A couple of weeks back, Michael Arthur wrote an appreciation of Wandering Son by Shimura Takako, recently translated by Matt Thorn for Fantagraphics. Michael said:

That makes Wandering Son a most compelling fantasy, one in which the gentle-hearted are protected by their friends and youths hold the key to wisdom and self-knowledge in the form of a headband Would that every profoundly different kid were granted the same freedom and gentleness by society that pushes them in conflicting directions. Even this first volume, which focuses on the most flexible time in a kid’s life, is keenly aware of the unfairness of this system, which looms over a sissy or a tomboy like a distant god’s arbitrary cruelty. Wandering Son chooses for the most part to dwell on the possibility of choice, of self-knowledge and the love of a friend who knows your secret.

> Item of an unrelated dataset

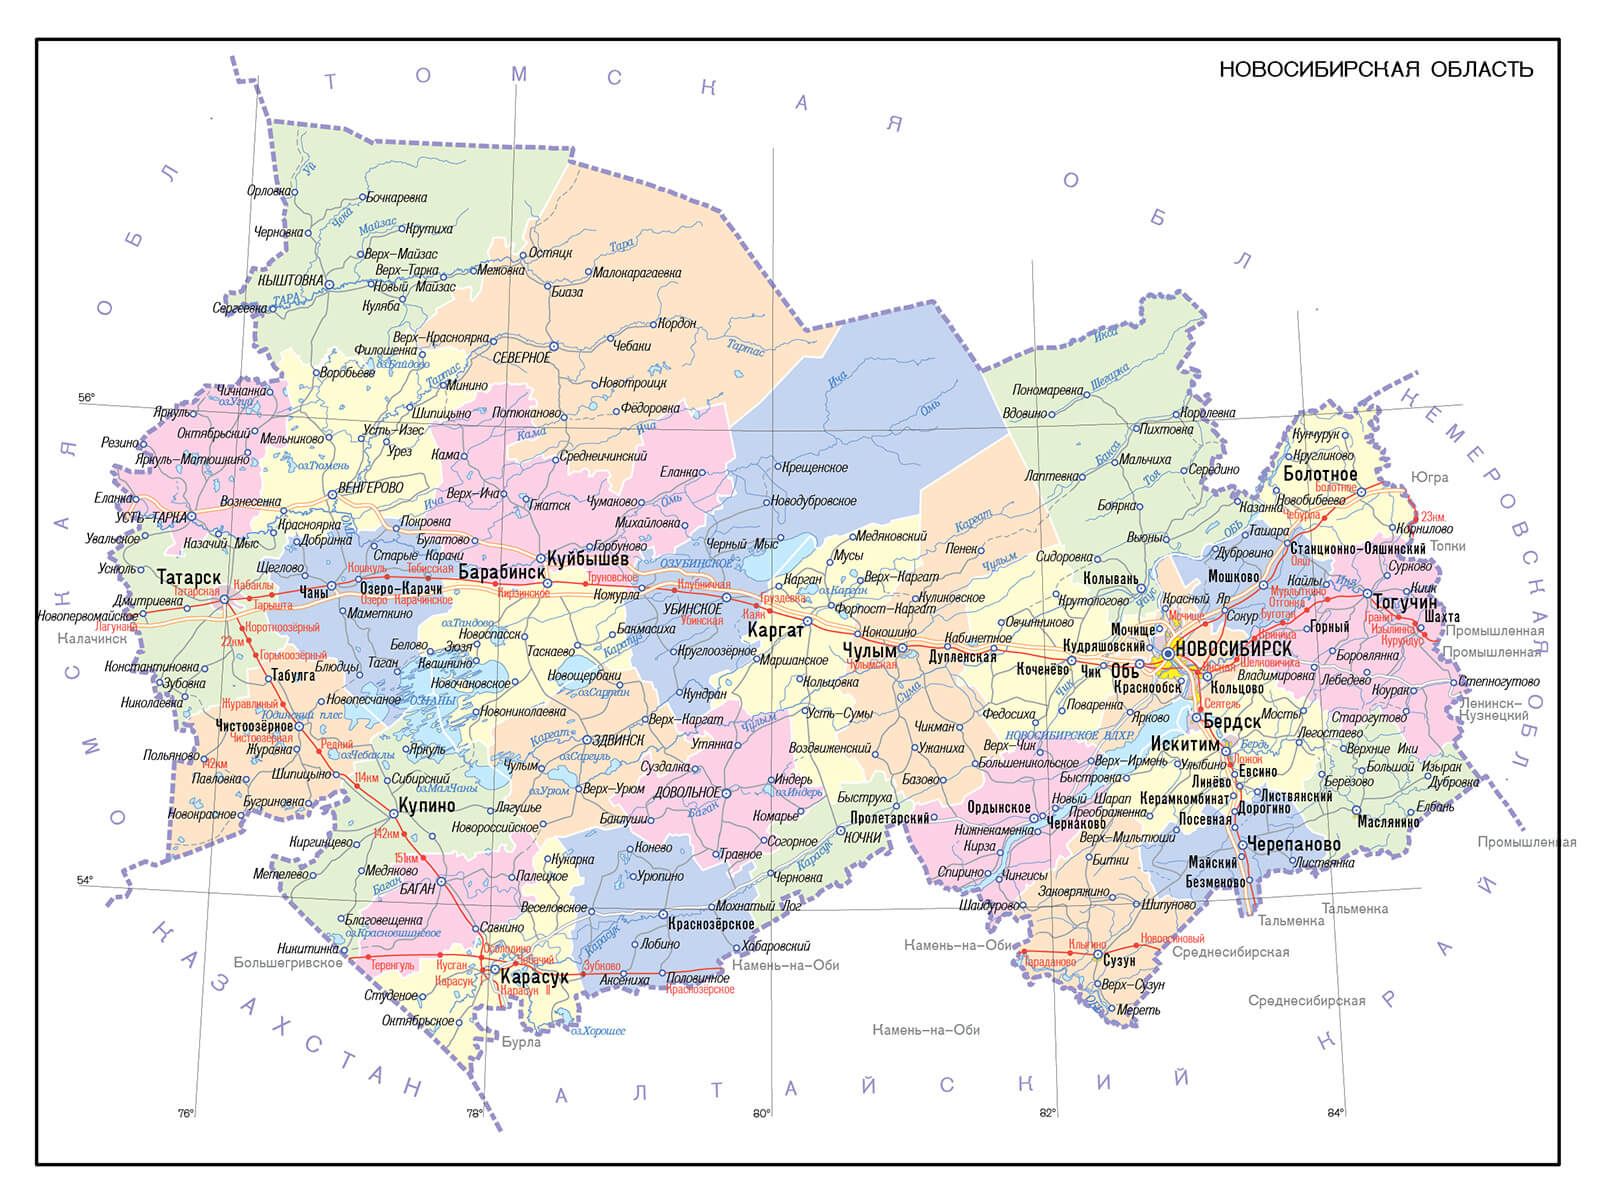 Карта кыштовского района новосибирской области с деревнями и дорогами
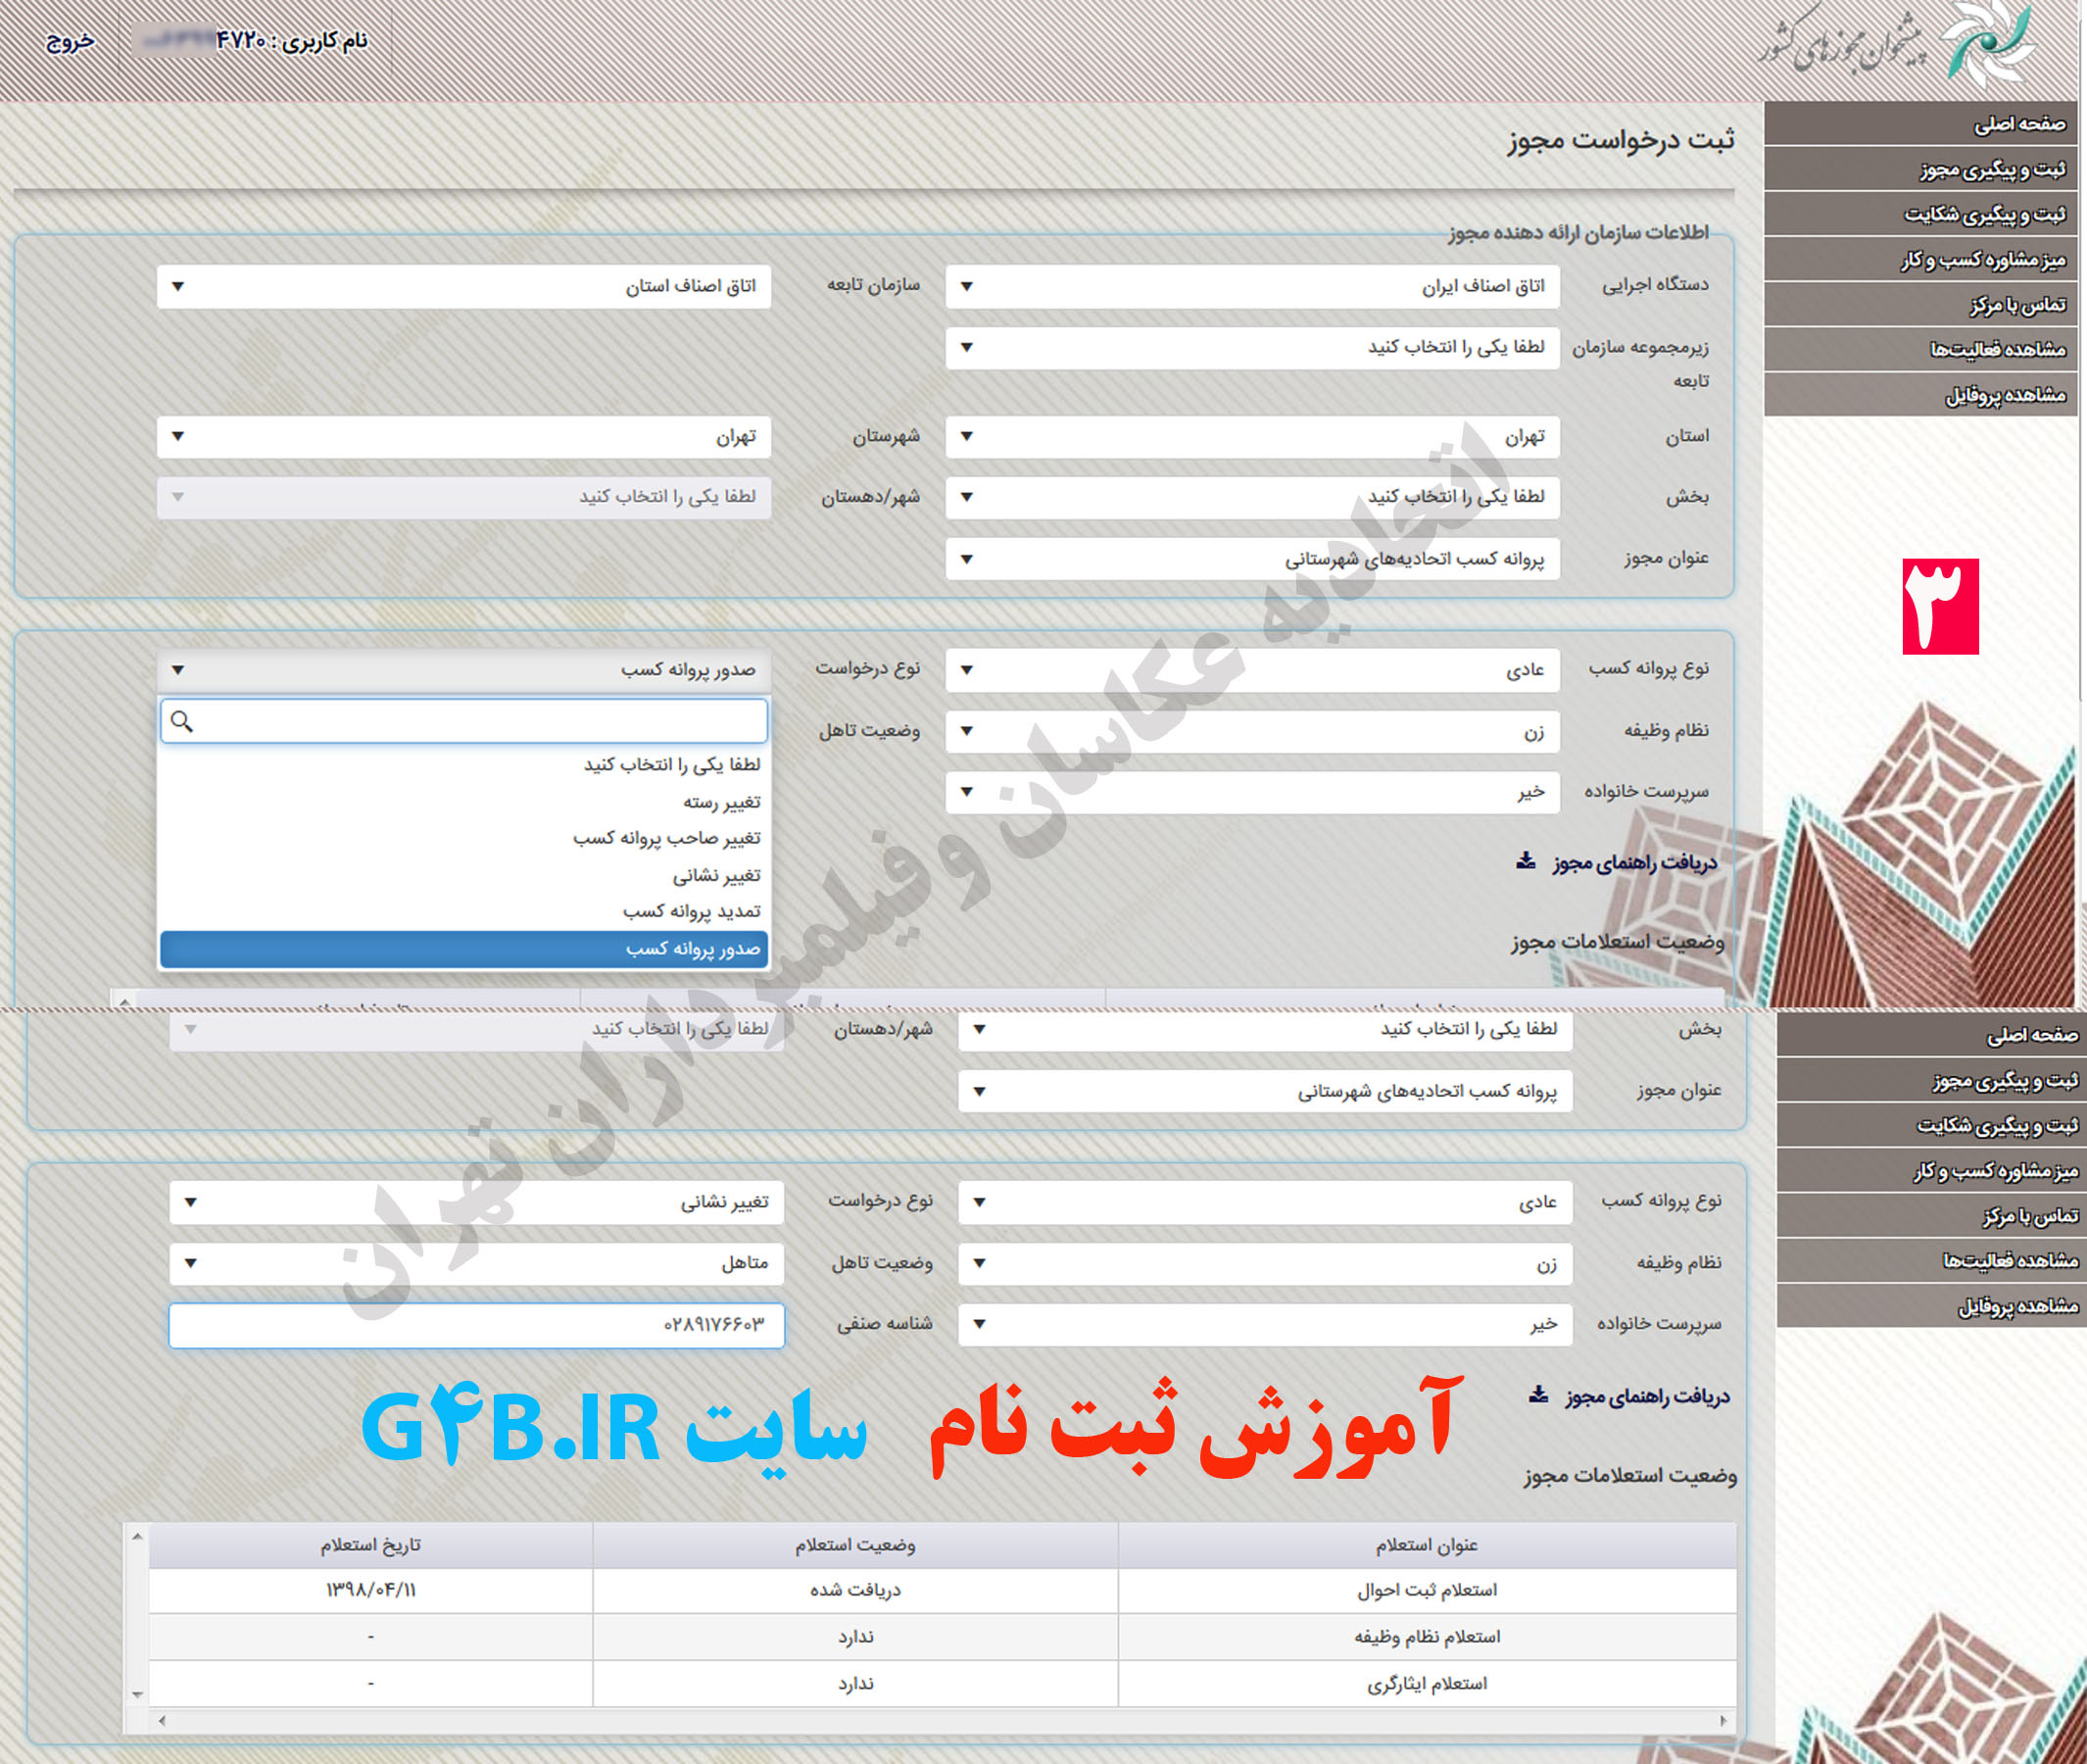 راهنمای ثبت نام در وبسایت پیشخوان مجوز های کشور G4B.ir اتحادیه عکاسان تهران

Having now read the book myself, I think that’s basically right: Wandering Son is a very gentle story. If anything, Michael overemphasizes the possibility of cruelty in the narrative. There is no bullying in this first volume, either physical or mental. No one expresses real outrage at the idea of queerness or cross-dressing. Nitori’s parents are a comforting, distant presence; his sister a typical sit-com older sister, spunky and sometimes cranky, but ultimately spporting. Nitori’s friends not only accept his dress-up impulses, but actively encourage them. Chiba seems positively titillated, and pushes girl’s clothes on him; Takatsuki is a soul mate, who wants to switch genders herself. The art, too, is insistently light; violence (a bicycle wreck, a brief fight) are pushed off panel; what remains is grade schoolers rendered in clear lines against often empty backgrounds, circular giant-eyed faces flecked with appealing blush marks staring limpidly as their noses disappear into their own radiant neoteny.

If I sound a little sardonic there at the end…well, what can I say. I am not categorically opposed to tweeness; Donovan is one of my favorite performers and I have a place in my heart for Cardcaptor Sakura. But even by those standards, Wandering Son’s preciousness can feel oppressive. Everyone is just so nice; so unwaveringly adorable. And that adorableness is tied ineluctably to the cross-dressing. Nitori’s fascination with girls’ clothes and Takako’s fascination with boys’ clothes serve as a metonymy for trans desires — a metonymy which is thoroughly externalized and fetishized. Their desires are certainly validated, but there’s a queasy sense in which they’re validated in the context of, and through, their cuteness. Queerness is swaddled in kawaii, lovingly packaged for a saccharine rush. It starts to feel ingratiating to the point of condescension.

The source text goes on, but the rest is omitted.